I am working on a project which requires to index documents in Azure Search service. This index is later used to search against other documents uploaded by users to find matches / similarities found in the document which is uploaded Vs document which is already indexed. We have a requirement that matching should be done based on Levenshtein algorithm.
Although, Azure search supports "Fuzzy Search" which uses similar approach, however the results/score returned by Azure Search cannot be measured based on Levenshtein distance.
I tried to use Azure Cognitive search "Skill set" to check if i can direct azure to provide Levenshtein distance based scores.

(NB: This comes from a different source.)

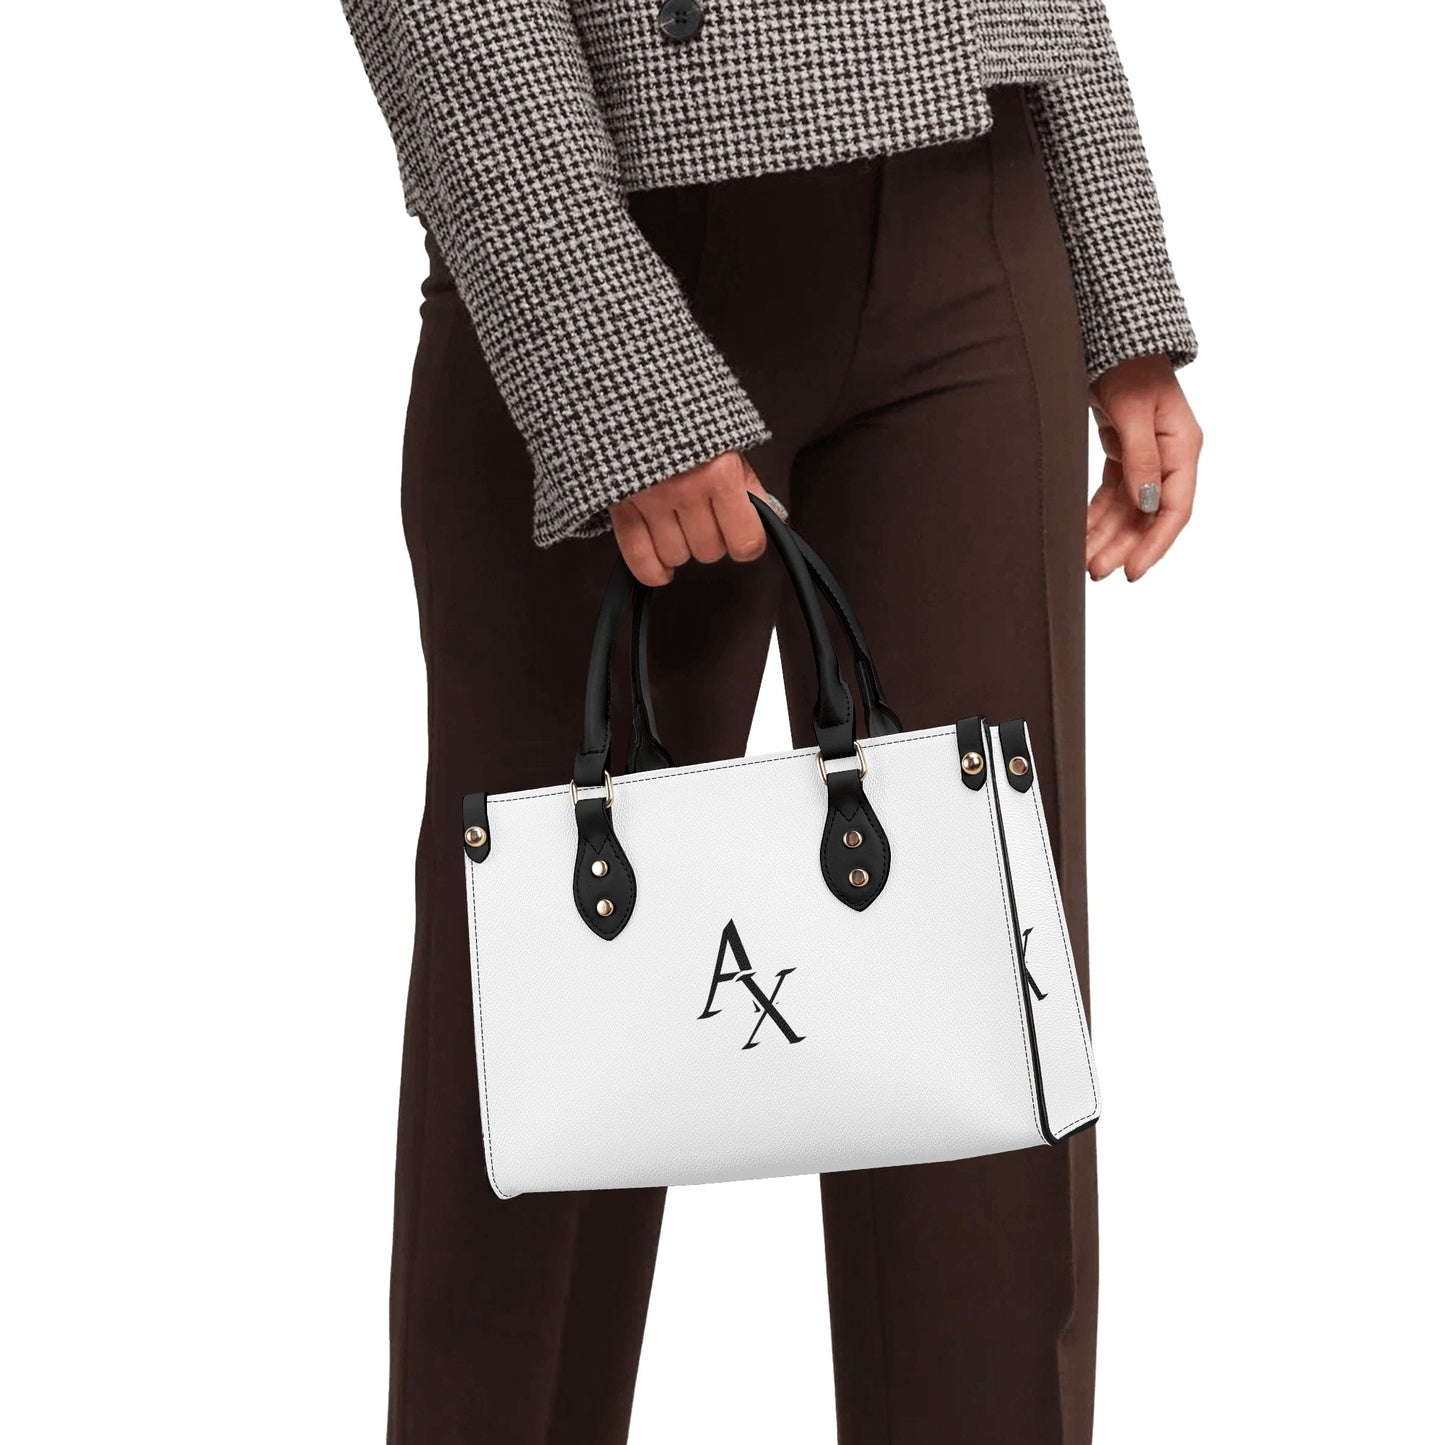 Avenue X Luxury Women PU Handbag

However didn't found any way of doing that.
For example, for the following text
source text: "Company have its head quarter in Vienna City",
It provides result with exact match, but the score cannot be interpreted to check Levenshtein distance.
result:
{
"@search.score": 4.399799,
"id": "8eddb05d-8359-4a99-a629-e098d93ae296",
"content": "Deloite have its head quarter in Vienna City."
}
However, i expect score like following
Levenshtein score: 12
Is there any way to get expected scores?
Azure Cognitive Search does not provide a built-in way to return search results with a Levenshtein distance score and you can't use
custom skillsetthey are designed for processing and transforming data during the indexing process, not for performing search queries.However, you can implement a workaround to achieve this requirement by using a custom scoring function.
Once you get the query result, you can use the input text with result to calculate the score. You can use python-Levenshtein to calculate the score.